→ Data excerpt:
━━━━━━━━━━

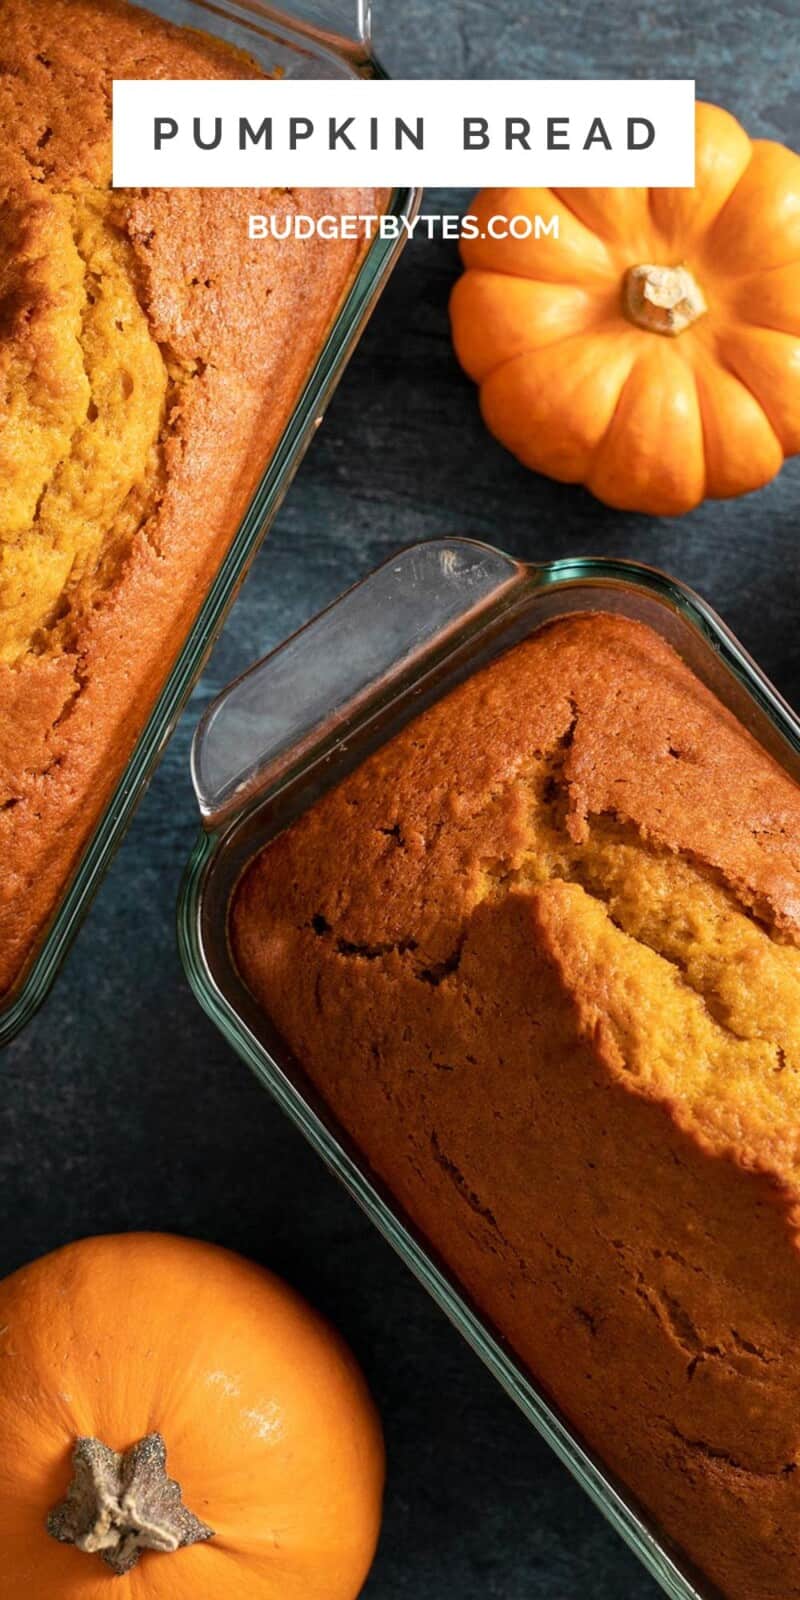 Overhead shot of pumpkin bread in a loaf pan with two mini pumpkins next to it on a dark background.
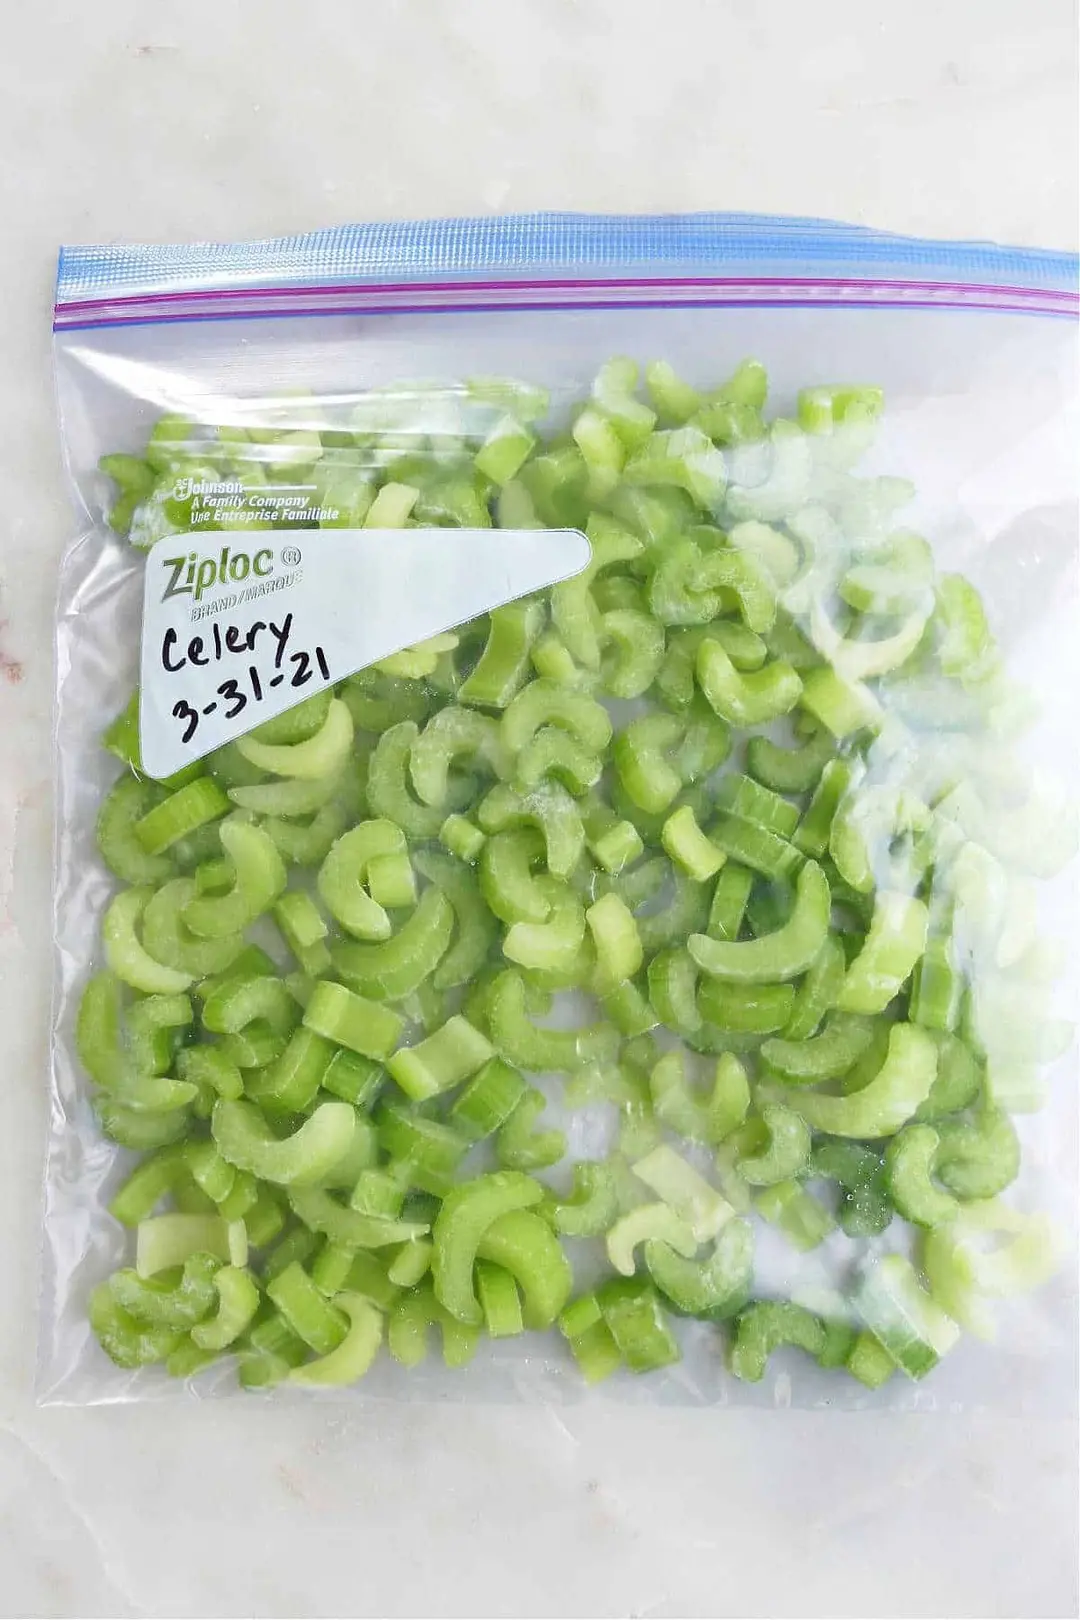 Freezing celery in a bag
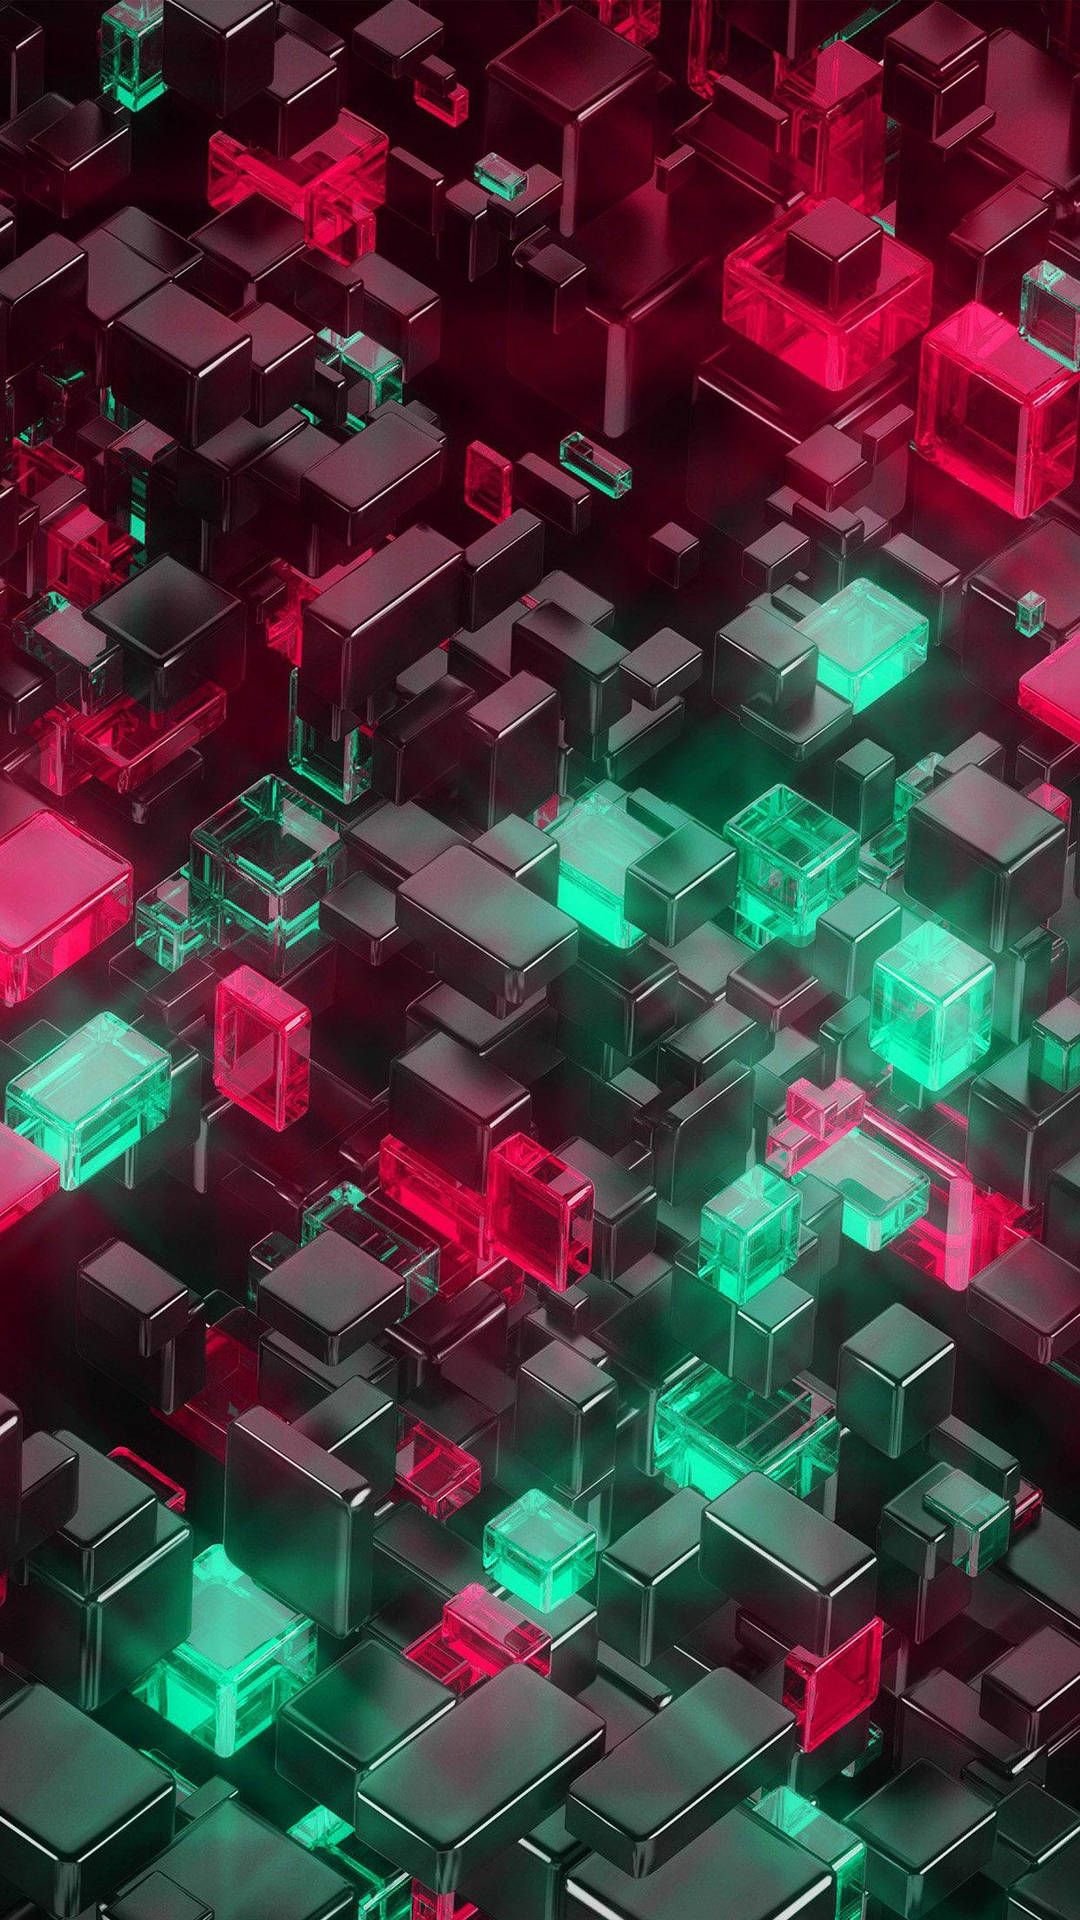 Caption: Captivating 3D Rendering of Opaque and Transparent Cubes on Mobile Wallpaper

━━━━━━━━━━

→ Assigned task: The lines to write out run from the one containing "Freezing celery in a bag" through the final line of the material above, both included; write them out exactly, with no pictures.

→ Written reply:
 Freezing celery in a bag
 Caption: Captivating 3D Rendering of Opaque and Transparent Cubes on Mobile Wallpaper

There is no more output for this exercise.